The DJIA is the only common stock index composed of stocks that have been carefully chosen to represent the range of industries that make up the economy. Most other indexes are composed of stocks chosen using relatively simple algorithms: the S&P 500 is the top 500 US public companies by market capitalization, the NASDAQ Composite Index is all companies that trade on the NASDAQ exchange.
The 30 companies in the Dow Jones, on the other hand, have been chosen to be most representative of their respective industries. And the composition of this group is changed over time to reflect how important various industries are in the US economy.
While there's some subjectivity to this selection, and even possibly some form of self-fulfilling prophecy (adding a company to the DJIA may attract investors to it), historically the DJIA has correlated pretty well with the market as a whole. And it can be easier to understand why it moves as it does, because there are so few variables involved.

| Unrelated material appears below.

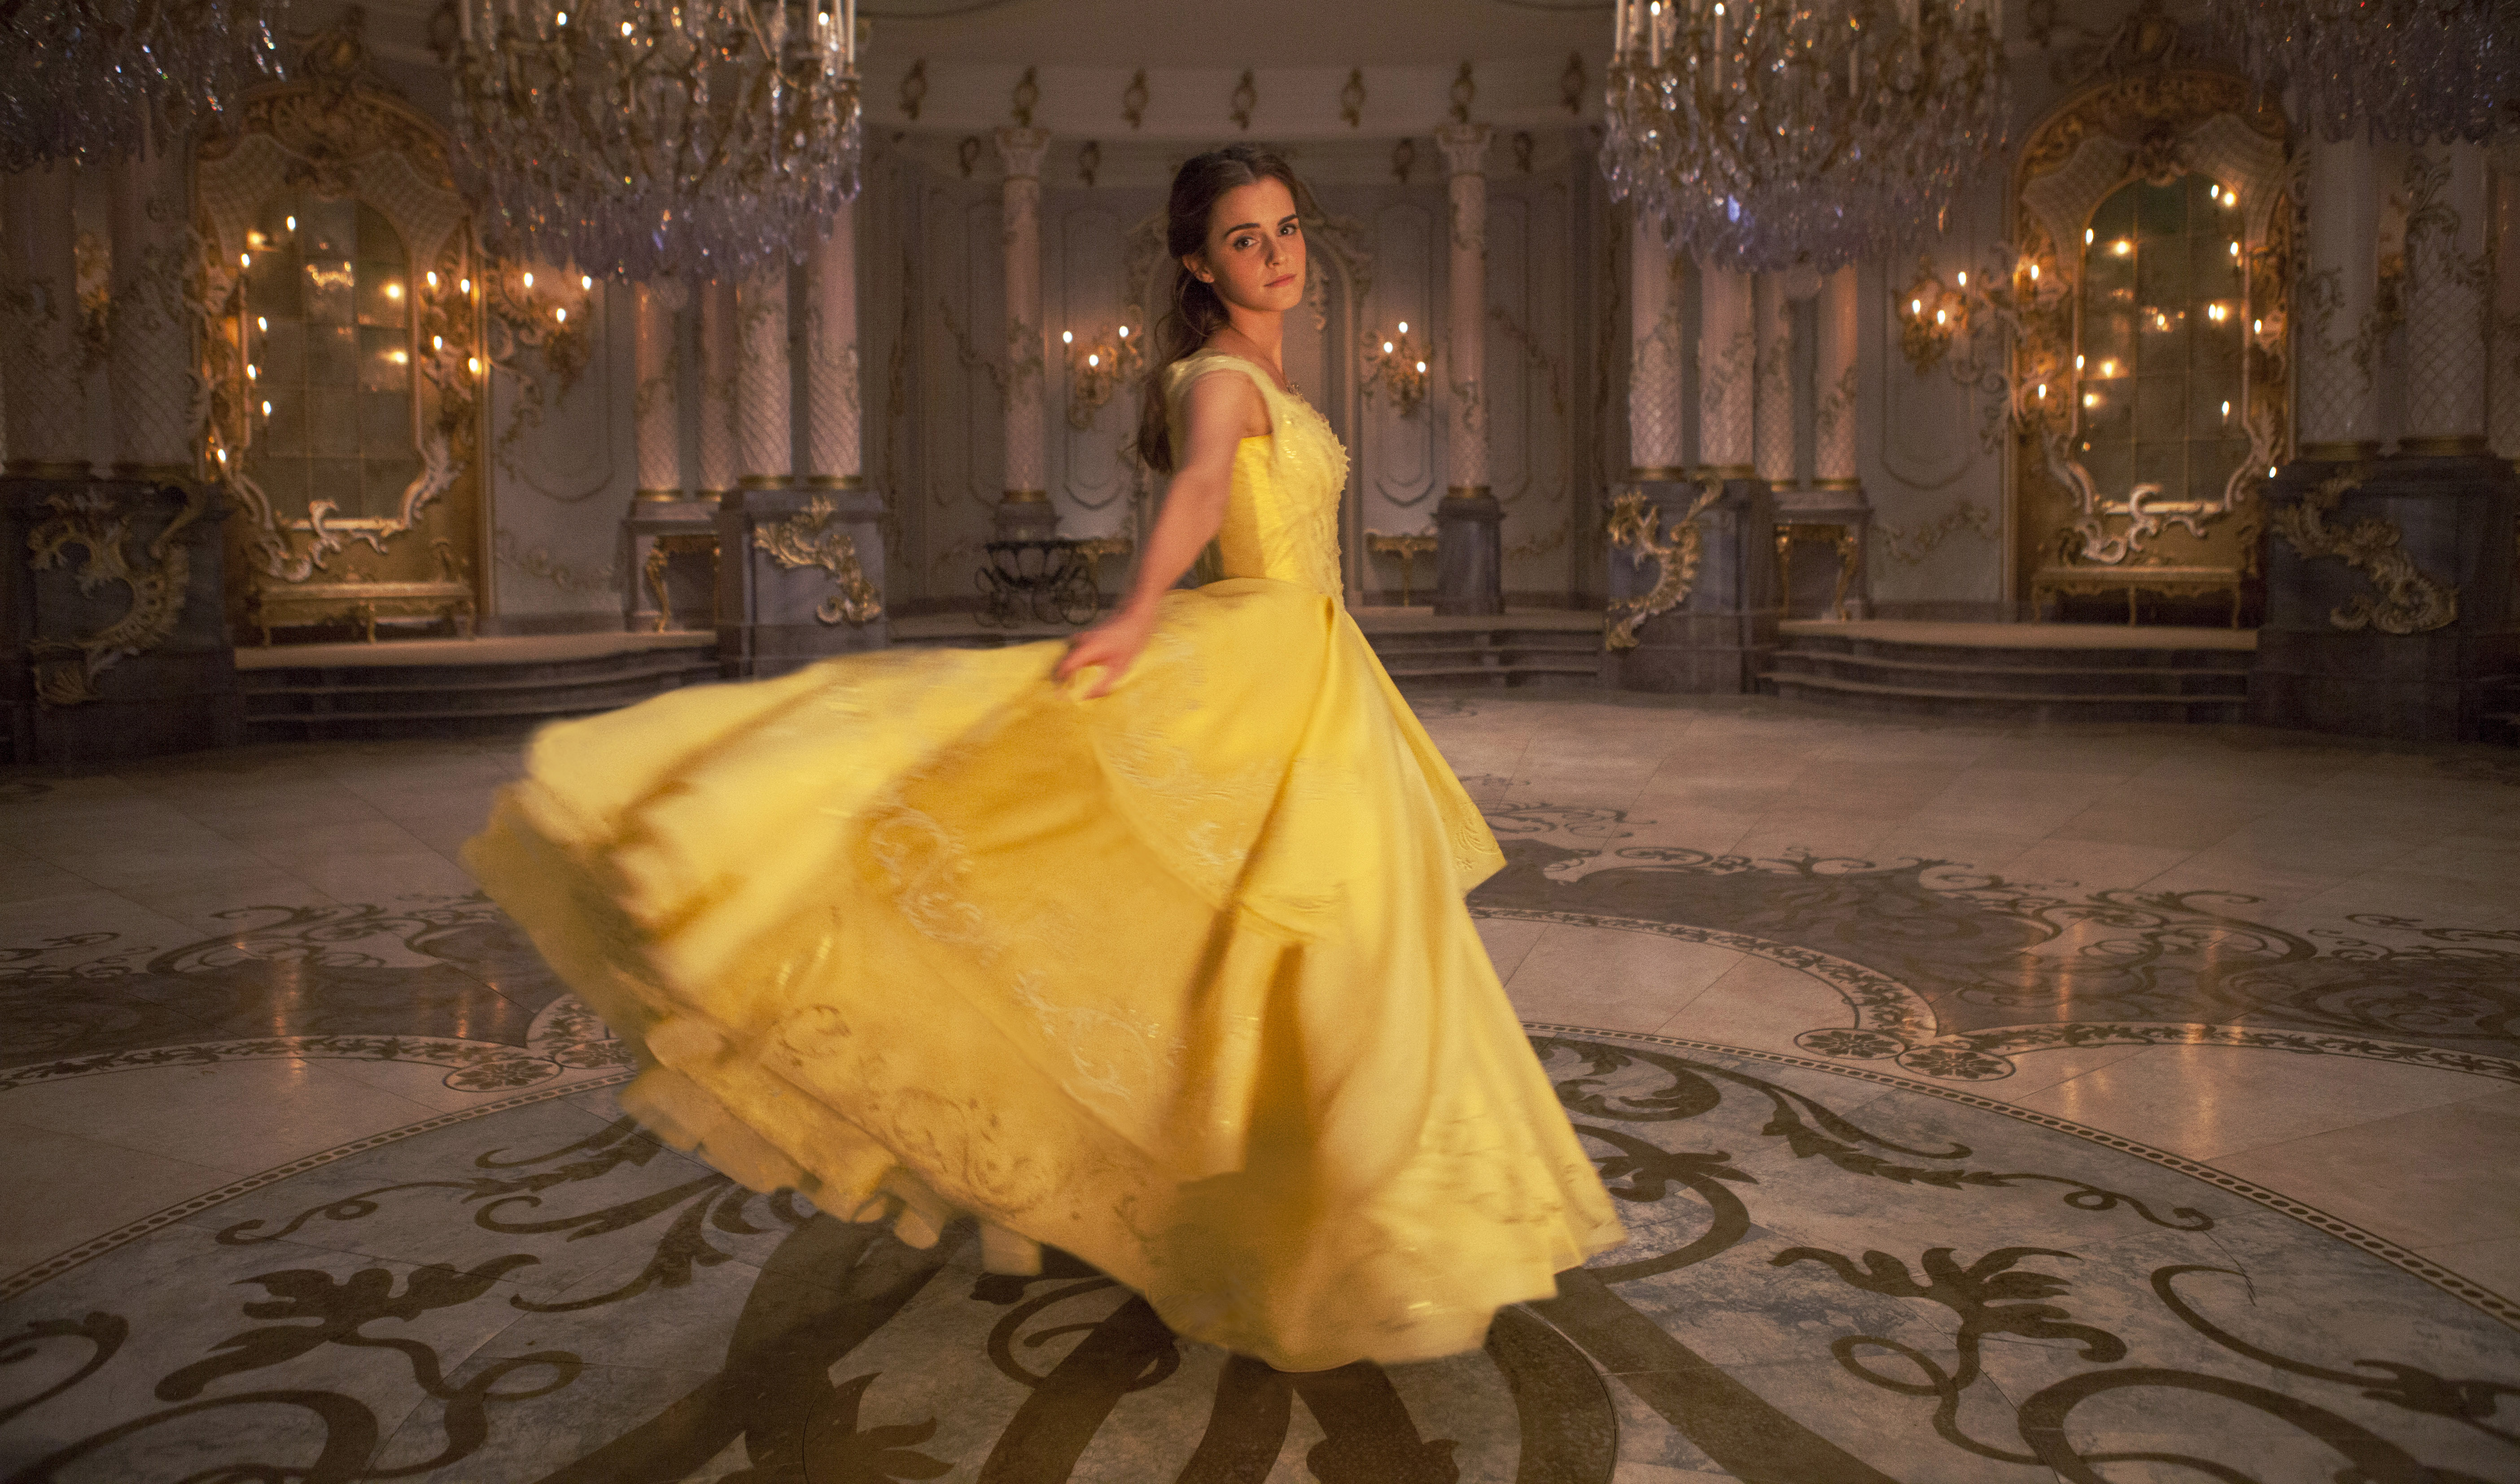 BEAUTY AND THE BEAST: Retelling a Tale as Old as The Terminator Part 2

It can be instructive to look at how the composition of the Dow 30 has changed. The current index is heavy in information tehnology (Apple, Microsoft, IBM, Intel, Salesforce, Cisco), financial services (Visa, Goldman Sachs, JPMorgan Chase, AmEx), health care, and retailing (although the retail sector is still all brick&mortar chains -- it can't be too long before Amazon.com joins). Many years go there was a much larger emphasis on industrial machinery and agriculture because those were much more important sectors of the US economy. General Electric was in the index since its inception (over a century), but was replaced in 2018 as they had been struggling to find their place in the 21st century economy, even though they're still an enormous company.